In the 1950s, within the framework of the decree of the Council of Ministers of the USSR of January 17, 1955, "On the recruitment of workers in the People's Republic of China to participate in communist construction and labor training in the USSR", Chinese workers worked at factories and construction sites in the city.

The town-forming enterprise of Usolye-Sibirskoye was the Usoliekhimprom plant. In the 1990s, he entered a period of crisis, but continued to work, the number of employees decreased from 11 thousand to 7.7 thousand people. The mercury electrolysis workshop with an area of ​​more than a hectare was decommissioned in 1998 and ceased to be listed on the balance sheet of the enterprise, now it poses a high environmental hazard. Since 2014, emissions of chlorine compounds and other toxic substances have been regularly recorded at the industrial site of the former Usoliekhimprom. Under the building of the former shop of mercury electrolysis, mercury is still trapped by clay.

 

In November 2002, external surveillance was introduced at Usoliekhimprom, and in the spring of 2003 the company was declared bankrupt. The property of the enterprise put up for auction in October of the same year was bought out by the Nitol company. The new management continued to reduce unprofitable production and by 2008 the company employed 4.5 thousand people. In 2010, chemical production was practically stopped.

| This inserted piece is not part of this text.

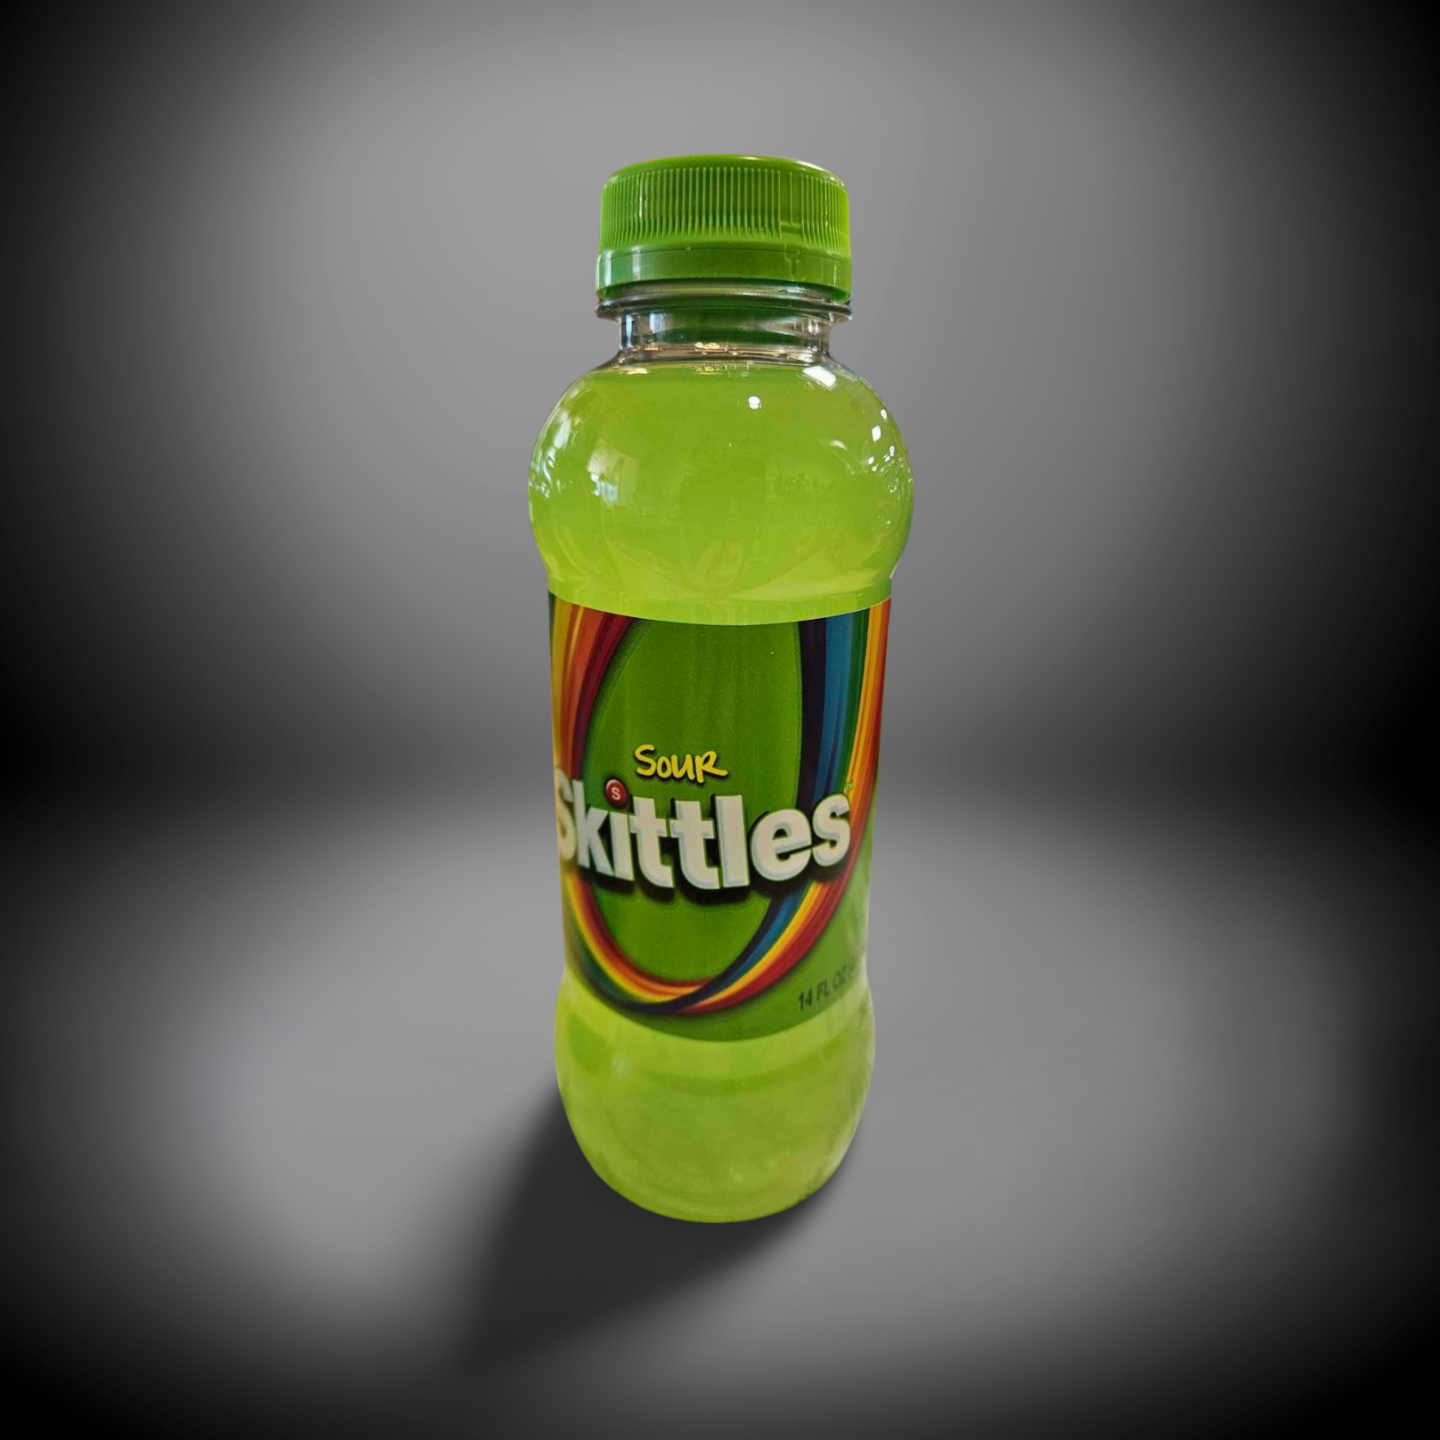 Skittles Drinks - Taste the Rainbow - Dusty's Country Store

In 2005, Nitol announced a course for the creation of high-tech materials for the solar energy and electronic industries instead of chlorine chemistry. On the basis of Usoliekhimprom, LLC Usolye-Sibirskiy Silicon appeared and the Solar Silicon project was launched. In 2006, the planned annual production volume of polysilicon was 5 thousand tons. In 2008, the first batch of polysilicon was obtained at a pilot site with a capacity of 300 tons. The company was able to attract more than RUB 13 billion in financing. (including from Rusnano, Alfa-Bank, and then Sberbank). However, in the same period, the world market saw a sharp drop in prices for polysilicon - from $ 400 per kilogram in 2006 to $ 80 in 2009 and $ 16 in 2011. In December 2012, the management of "Nitol" announced the mothballing of the production of polysilicon, having notified about the reduction by February 2013 of 1,284 people.